Sem reformas estruturais para reduzir ou estancar os gastos previdenciários e assistenciais, superávits primários maiores foram obtidos à custa de elevação da carga tributária e do contingenciamento de dotações para investimentos. No caso do setor aéreo, a situação é mais grave. Seus gastos deveriam ficar isentos de cortes, pois são financiados com a receita da tarifa aeroportuária cobrada na emissão de passagens. Acontece que parte substancial da arrecadação foi utilizada para viabilizar aqueles superávits.

A elevação sistemática do valor real do mínimo e seus efeitos nesses gastos pode fazer sentido para muitos, inclusive para o atual ministro do Trabalho e seu antecessor, que deveriam estudar melhor o assunto e acostumar-se a prestar atenção nas contas, antes de cantar loas ao suposto papel do mínimo como fonte de justiça social.

Vários estudos mostram que os aumentos reais do mínimo têm efeito reduzido na redução de desigualdades sociais. Muito mais eficazes e relativamente mais baratos são os programas focalizados nos segmentos menos favorecidos, como o Bolsa-Família, que explicam muito da melhoria recente na distribuição de renda do País.

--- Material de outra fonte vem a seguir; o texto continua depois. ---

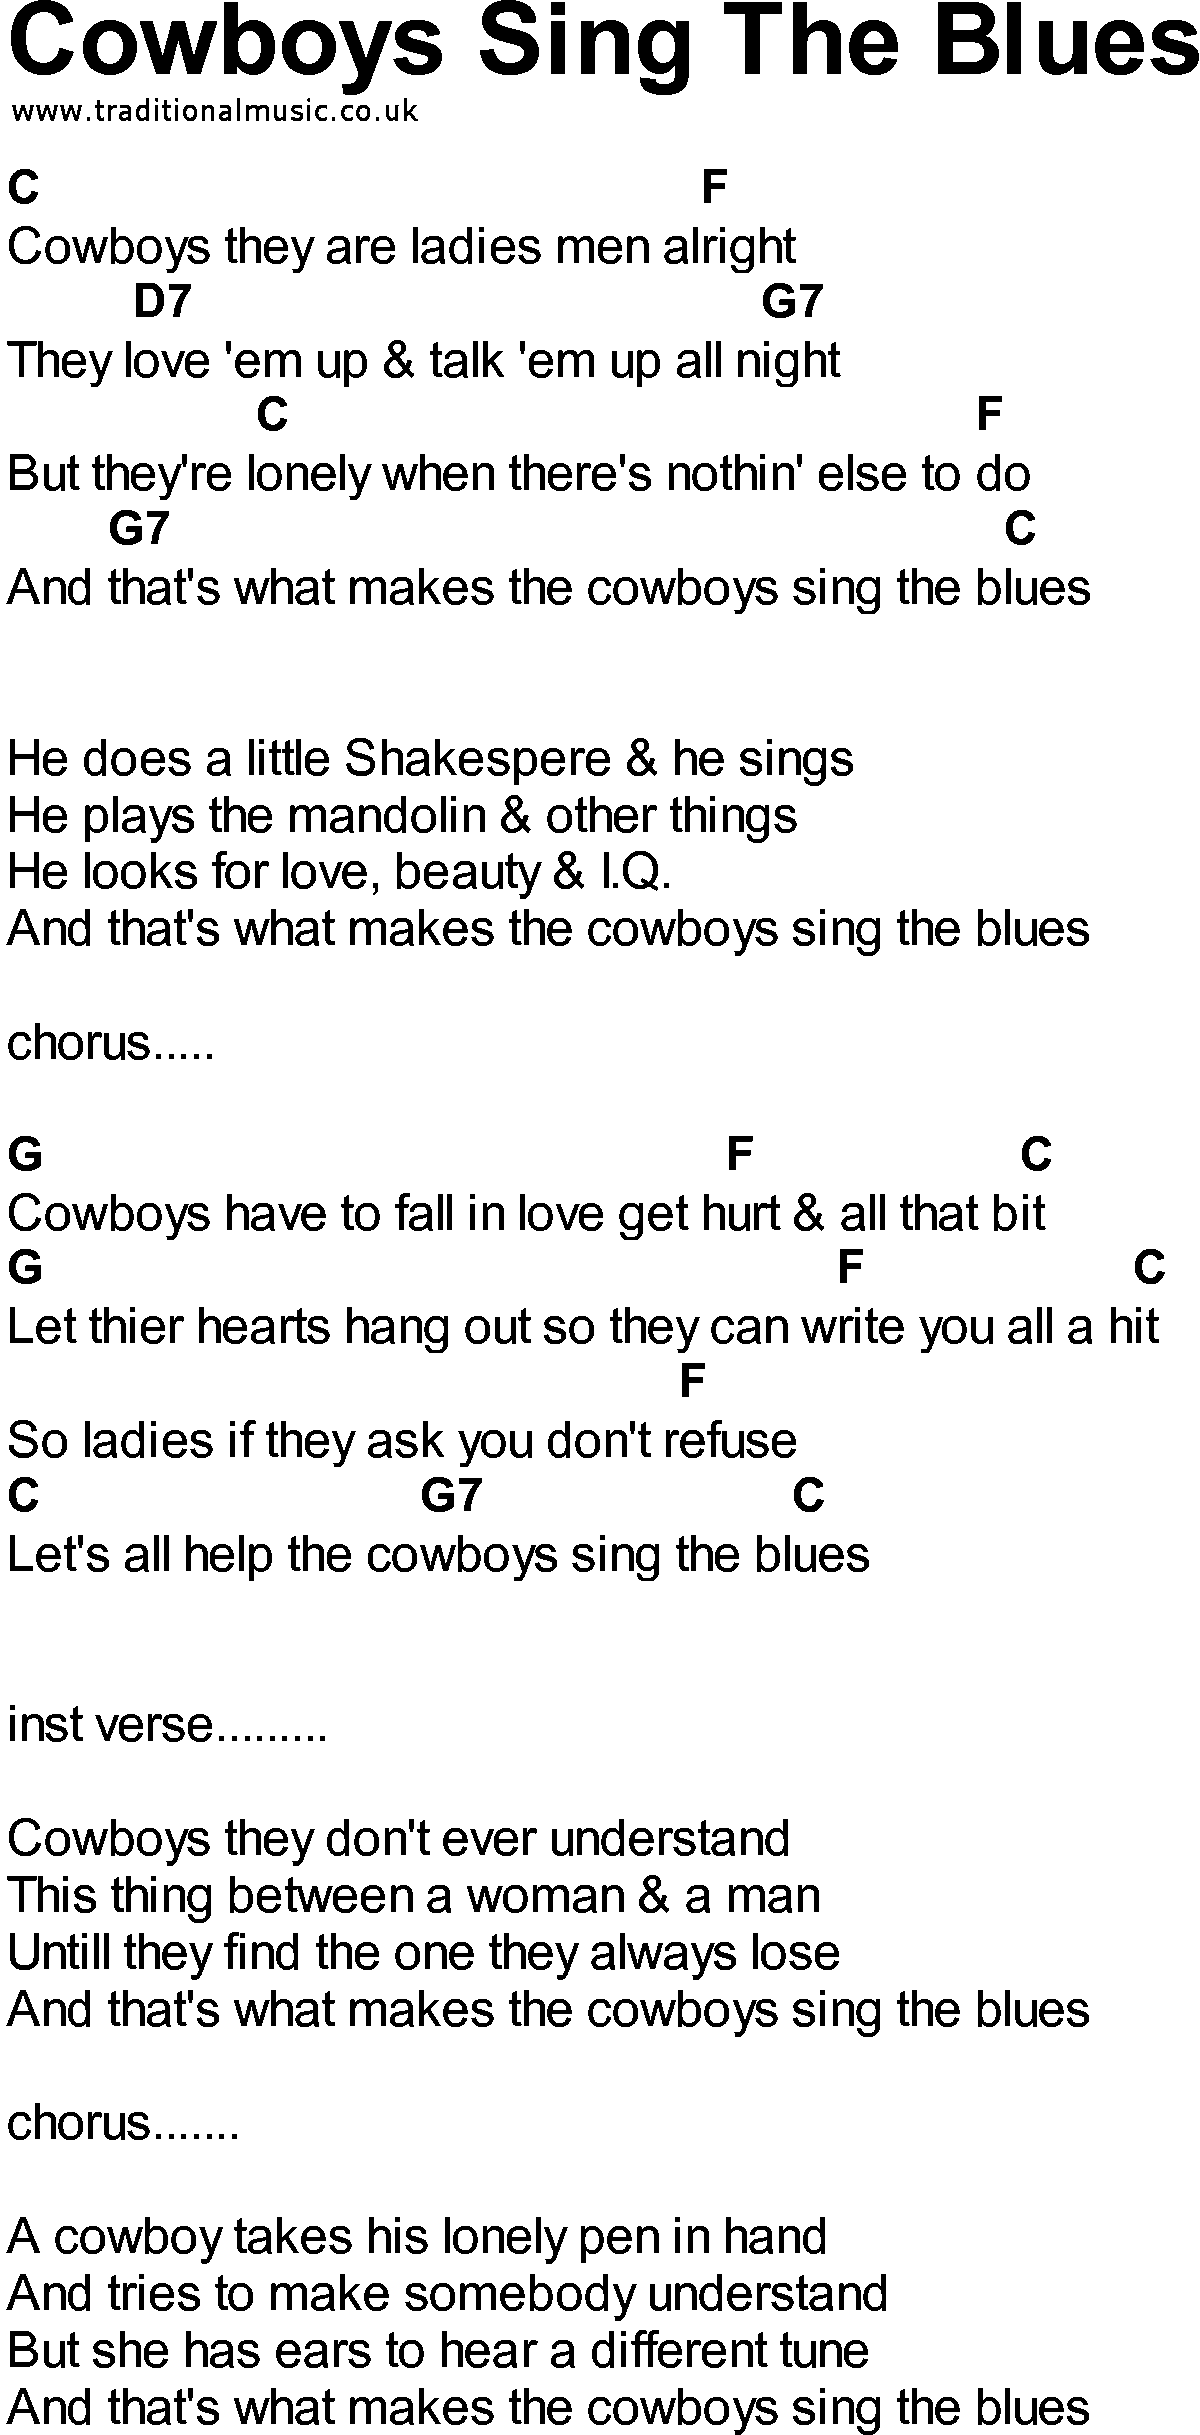 Bluegrass songs with chords - Cowboys Sing The Blues
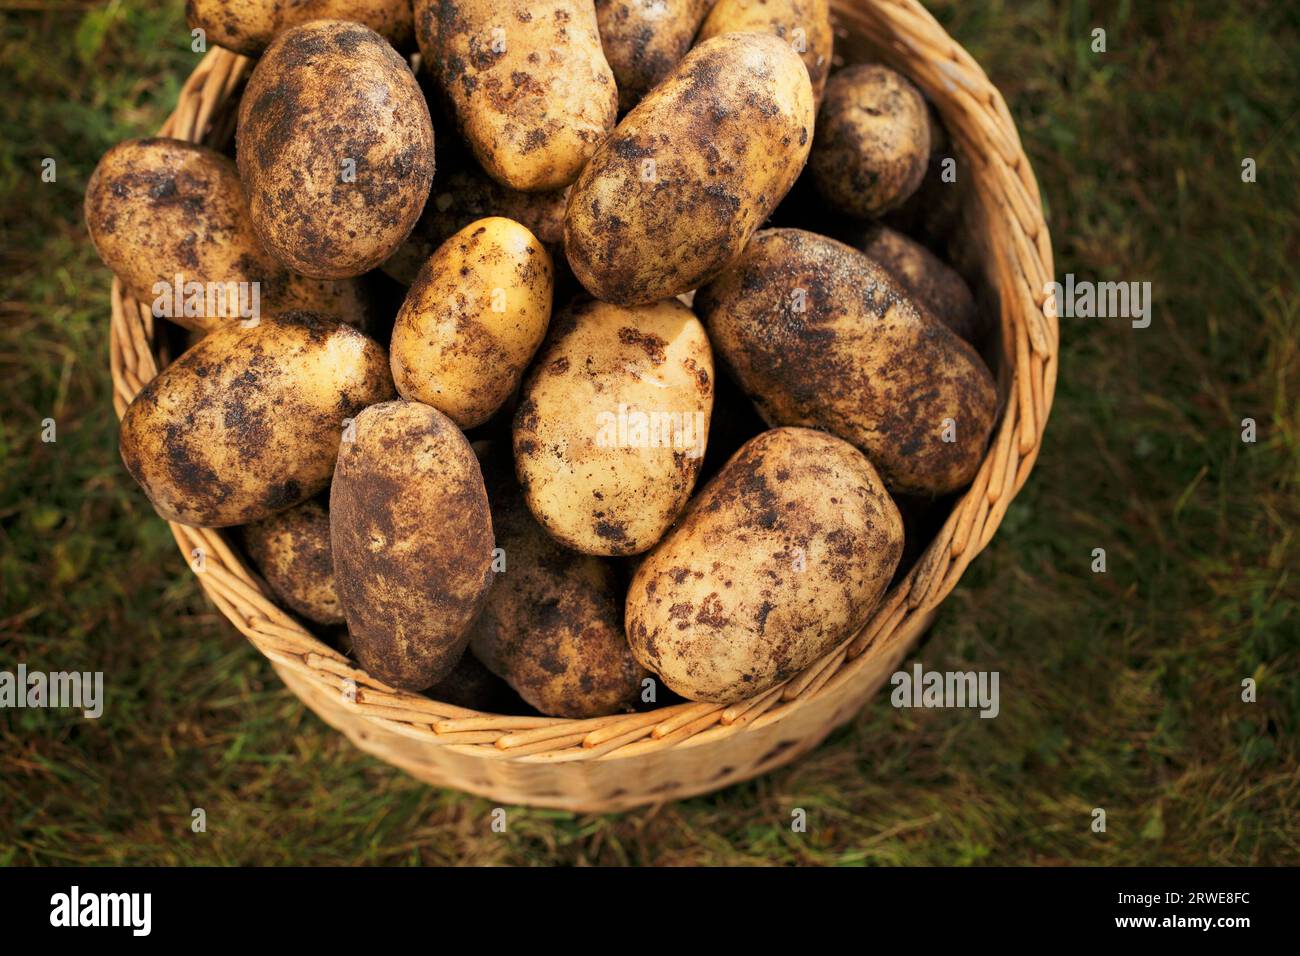 DIrty harvested potatoes in a wicker basket Stock Photo

Parece exagero (mas não é) ligar a crise aérea aos aumentos reais do mínimo. Mesmo que se admita que esses aumentos têm impacto social favorável, está provado que seus benefícios são inferiores aos respectivos custos, incluídos os decorrentes de sua contribuição para os baixos níveis de crescimento da economia e do emprego.

Os efeitos da elevação do valor real do salário mínimo são, pois, muito graves. A carga tributária inibe o investimento e os ganhos de produtividade, principais motores do crescimento. A deterioração da infra-estrutura piora os custos sistêmicos que prejudicam a nossa competitividade e nos retiram conforto. Que o diga quem percorre estradas esburacadas e viaja de avião.